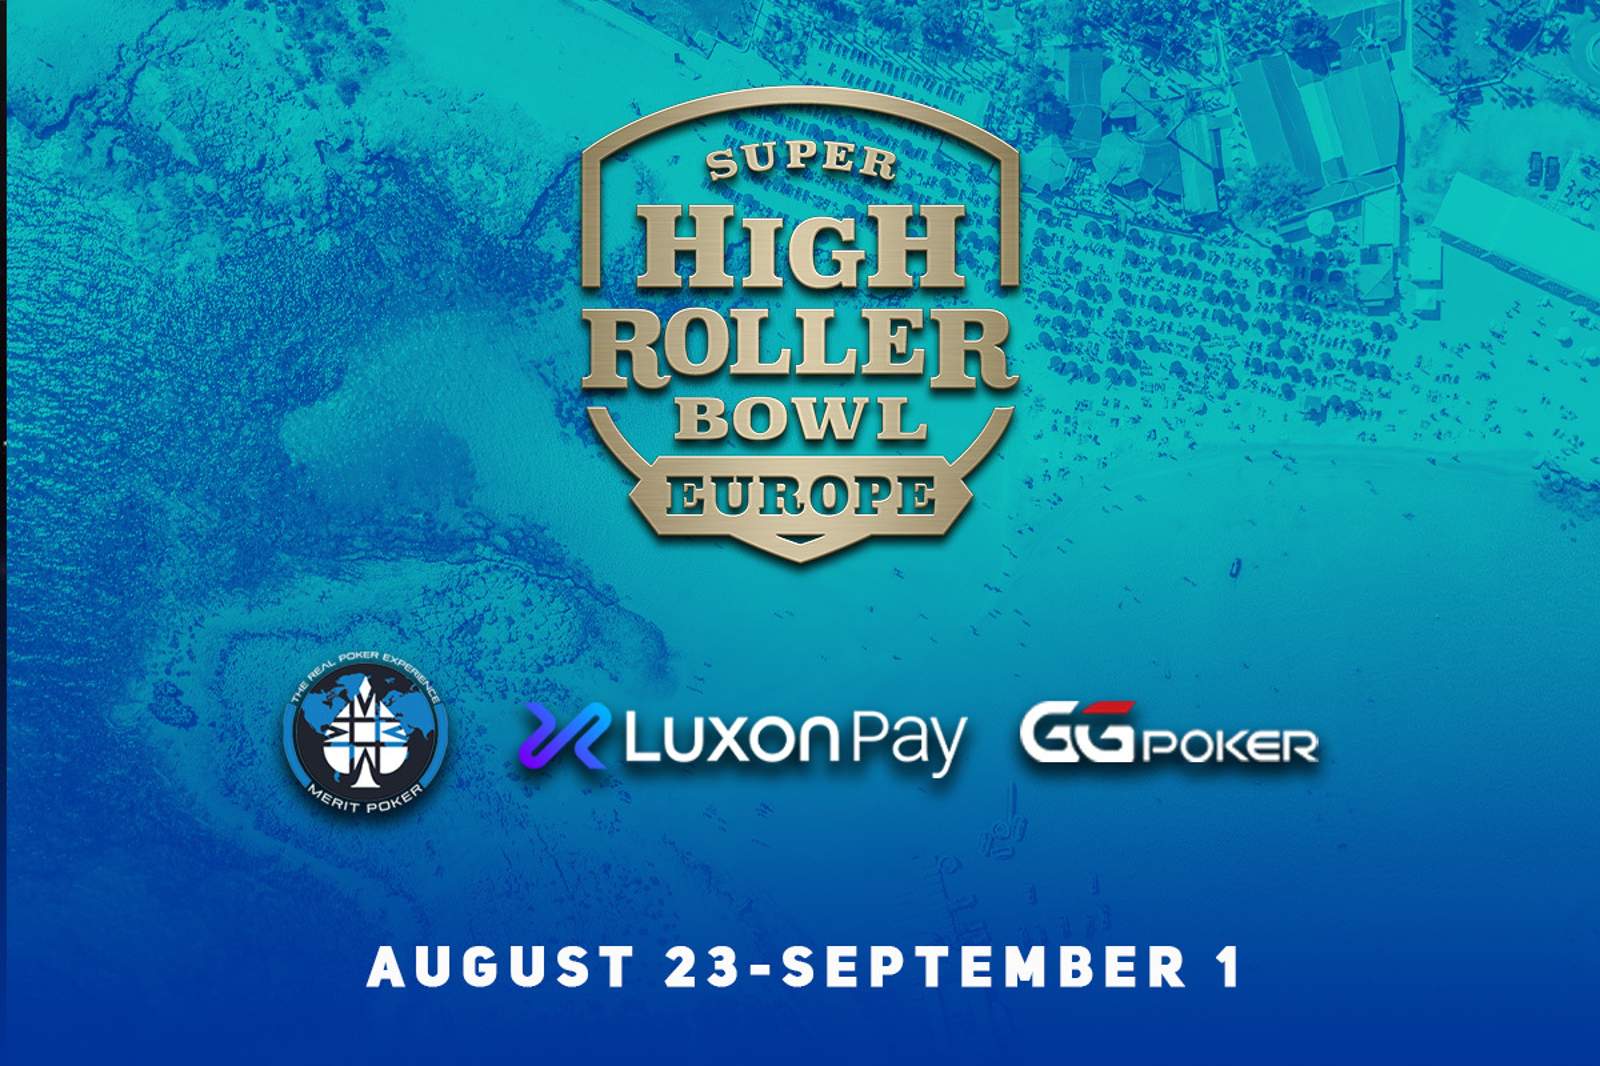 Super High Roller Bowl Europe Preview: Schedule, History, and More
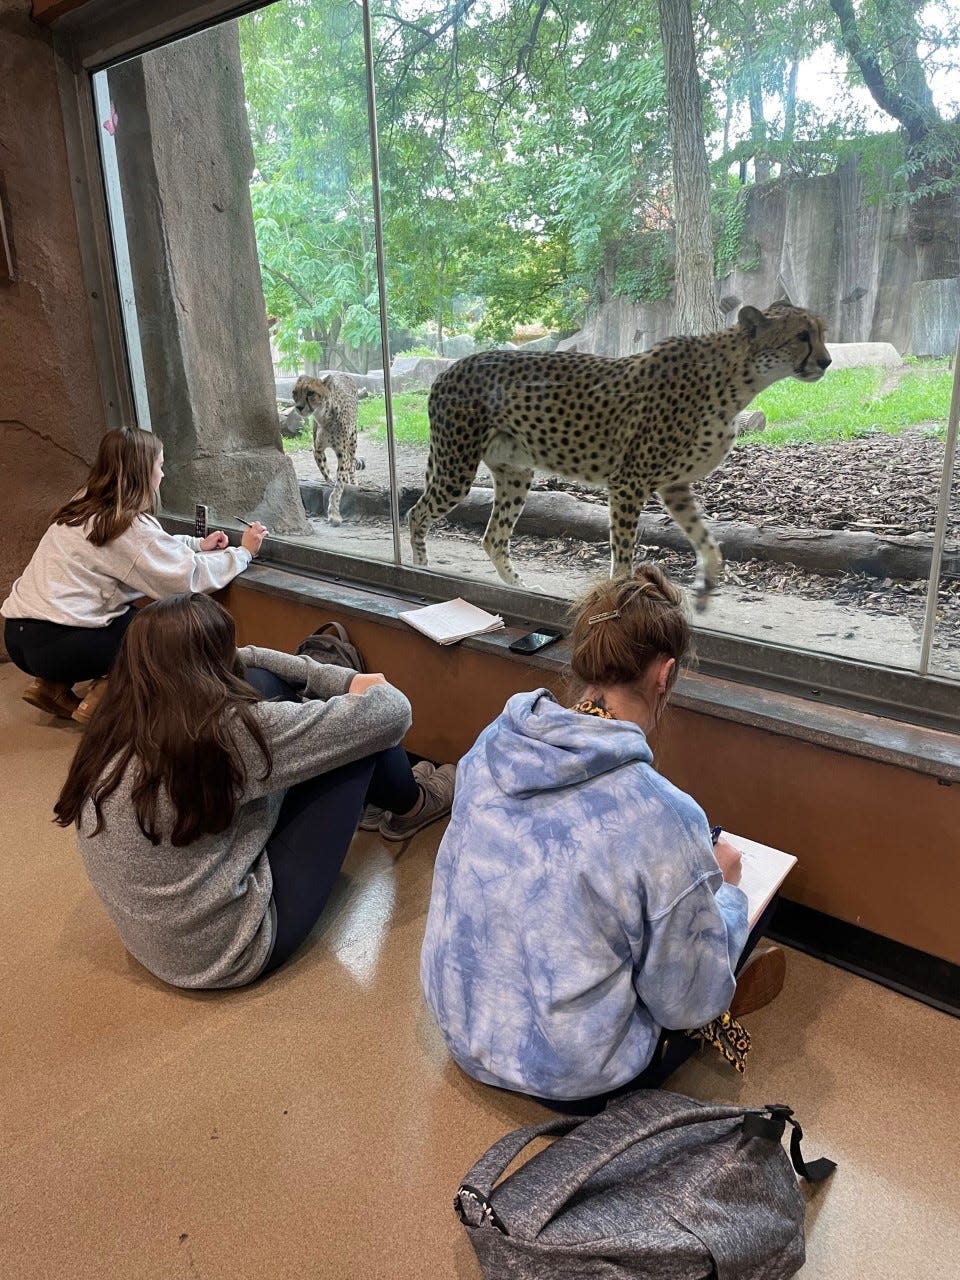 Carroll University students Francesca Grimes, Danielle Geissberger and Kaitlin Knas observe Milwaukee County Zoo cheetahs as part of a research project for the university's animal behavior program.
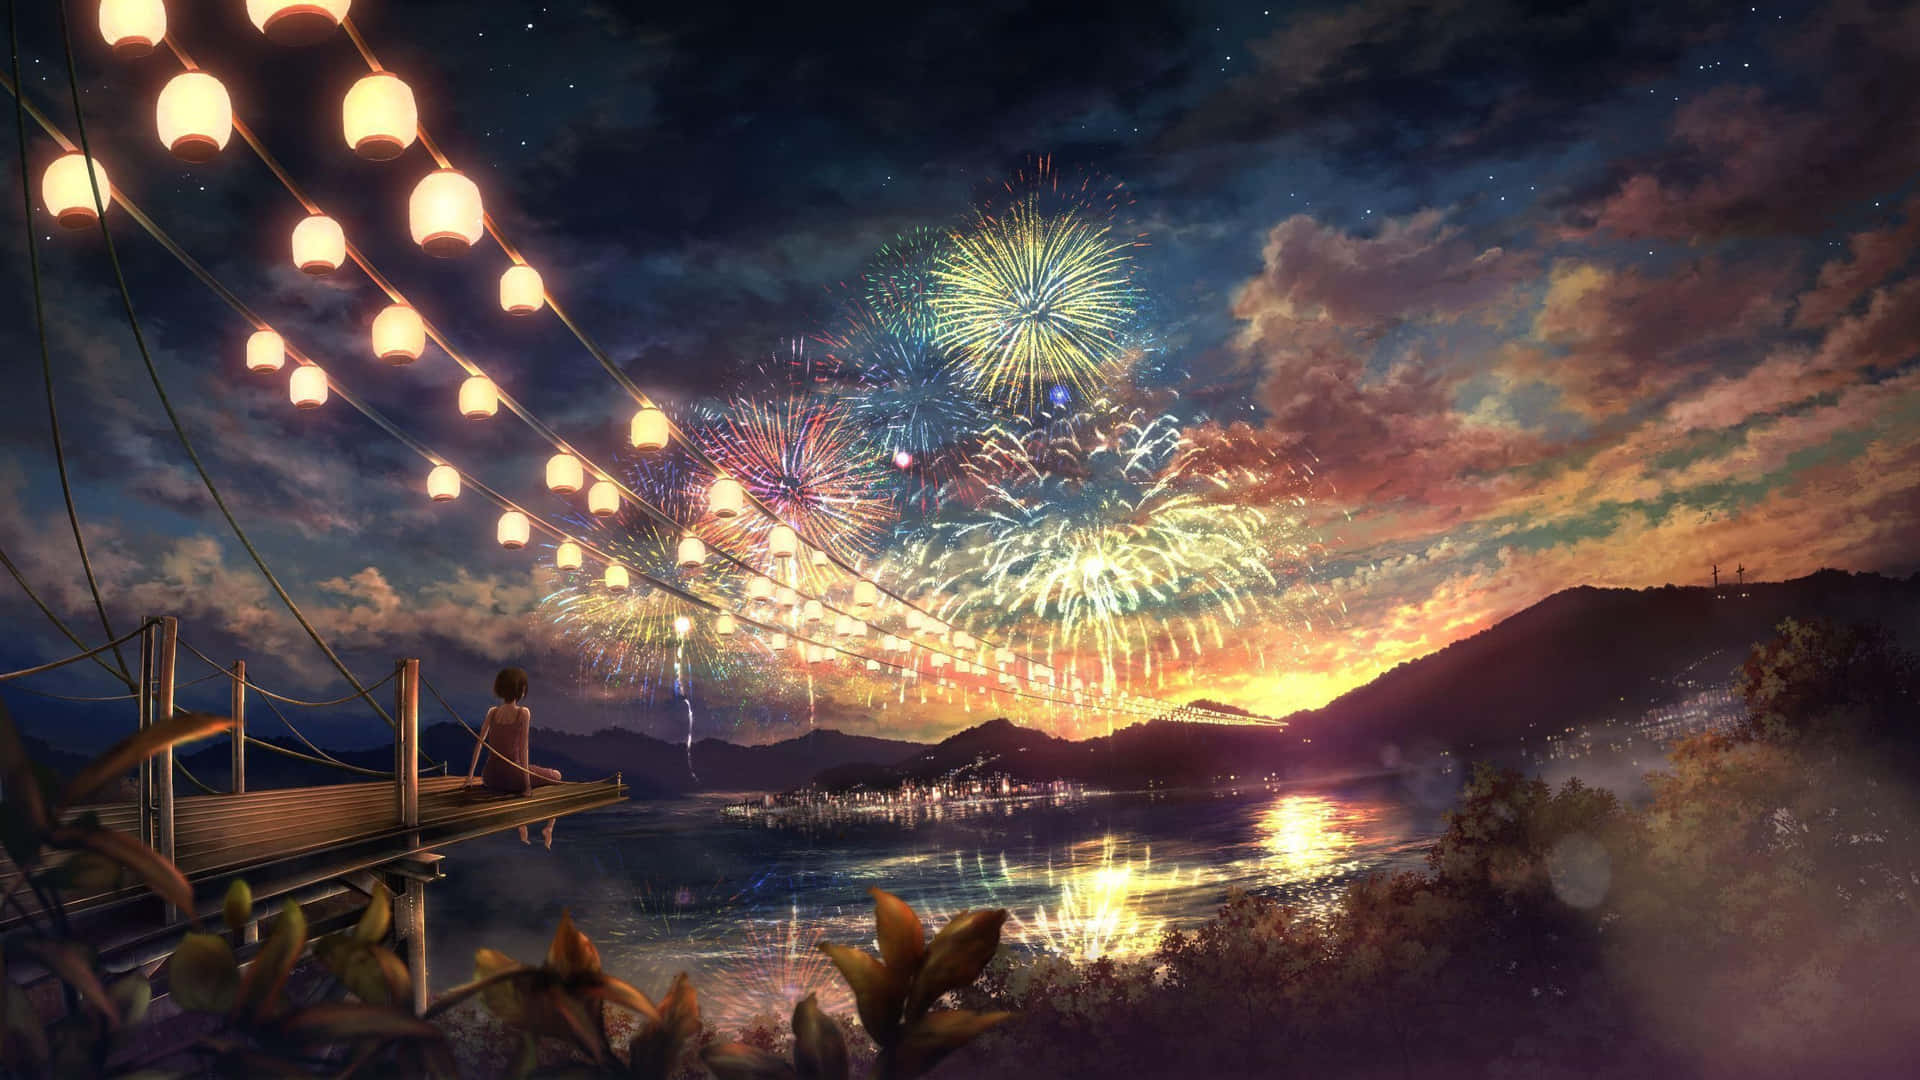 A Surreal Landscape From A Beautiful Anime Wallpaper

▬▬▬▬▬▬▬▬▬▬

> **TASK DIRECTIONS**: Every line above must be printed again exactly, pictures excluded.

> **OUTPUT OF THE TASK**:
 Super High Roller Bowl Europe Preview: Schedule, History, and More
 Carroll University students Francesca Grimes, Danielle Geissberger and Kaitlin Knas observe Milwaukee County Zoo cheetahs as part of a research project for the university's animal behavior program.
 A Surreal Landscape From A Beautiful Anime Wallpaper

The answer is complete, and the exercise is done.